アンダインはアルフィーの頬にキスをして、もう一度彼女の耳元に唇を寄せて囁いた。
「愛してる」
アルフィーは体中を真っ赤にして、アンダインの腕の中でビクついた。症状は治まったようだ。アンダインは確信を持った。アルフィーを愛するなど自分には造作もない。もしも今後彼女を傷付ける人間が現れたら消してやるが、今はこれで安心しよう。アンダインの狂愛による騒動は、一先ず事件とならずに治まったのだった。
さて、そんなことも知らないアルフィーはこれ以降アンダインの愛情表現は更に過激さを増していった原因が自分とは気付かず、嬉しいような複雑なようなアンビバレントな困惑に悩まされることとなった。
「ごめんね。私、時々忘れちゃうの。アンダインが私の事、あ、愛してくれてること」
そう言ってしまったのも良く無かった。アンダインは一瞬異論を述べたそうにしたが、鼻で笑ってアルフィーの額を撫でた。急に甘い顔をする番にアルフィーは戸惑う。
「どうして忘れちゃうんだ」
「そ、それは……」
「いい。何度でも思い出させてやる」
熱を取り戻したアルフィーの体を更に抱き寄せて、アンダインは彼女を抱いたままコテージの寝室へ入っていった。
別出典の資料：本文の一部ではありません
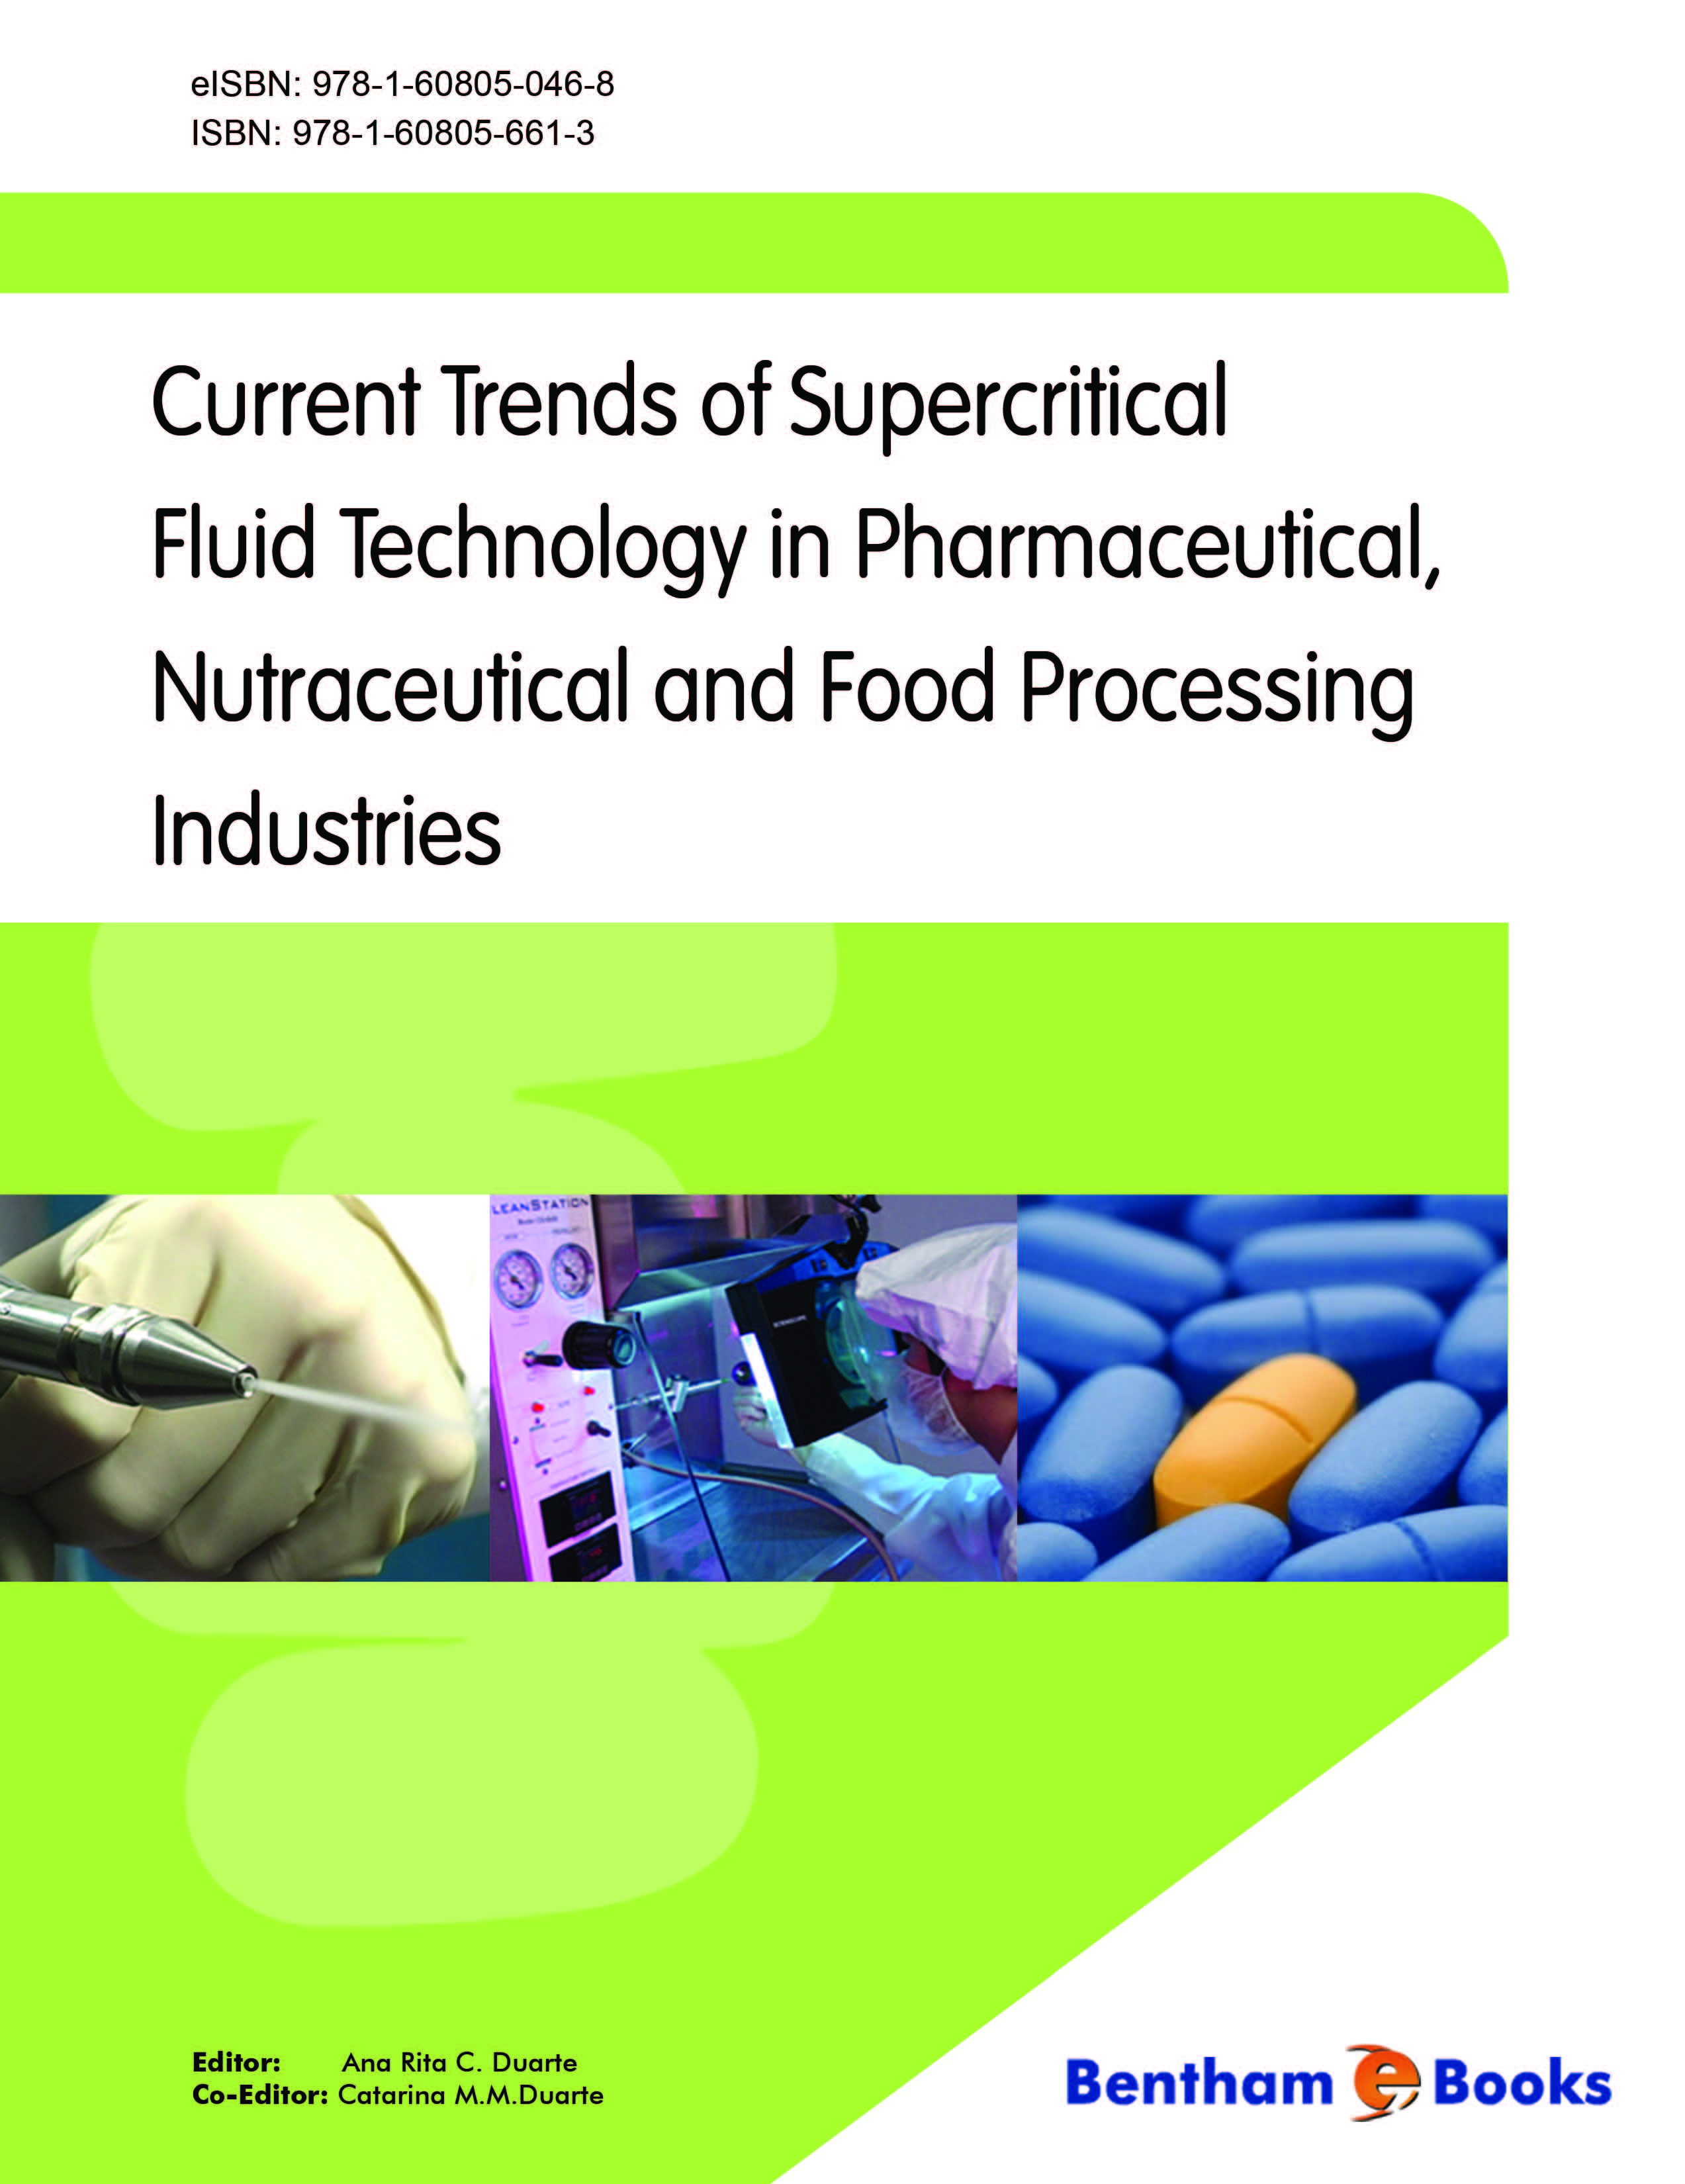 Current Trends of the Supercritical Fluid Technology in the Pharmaceutical, Nutraceutical and Food Processing Industries

翌朝、一晩中嫌と言うほど愛されたアルフィーの体調はすっかり快復し(……体力は消耗したようだが)アンダインの機嫌も頗る良くなったという。
END
・・・ おまけ
「えっちしたら治った」
「ばっかもんッ!それは性行為で間接的に愛情による魔力の増幅があったからじゃ!ソウルセックスは愛情交換の行為だからの」
「ってことはアルフィーの体調が悪くなったら私がいっぱい愛してやればいいんだな?」
「まあ、そういう……色ボケも大概にせい!」
英雄らしからぬニヤついた顔のアンダインの額をガーソンが呆れて引っぱたいた。しかしこれを機に、治療法の一つとして周囲の愛情が有効になることは、後世に残ることになった。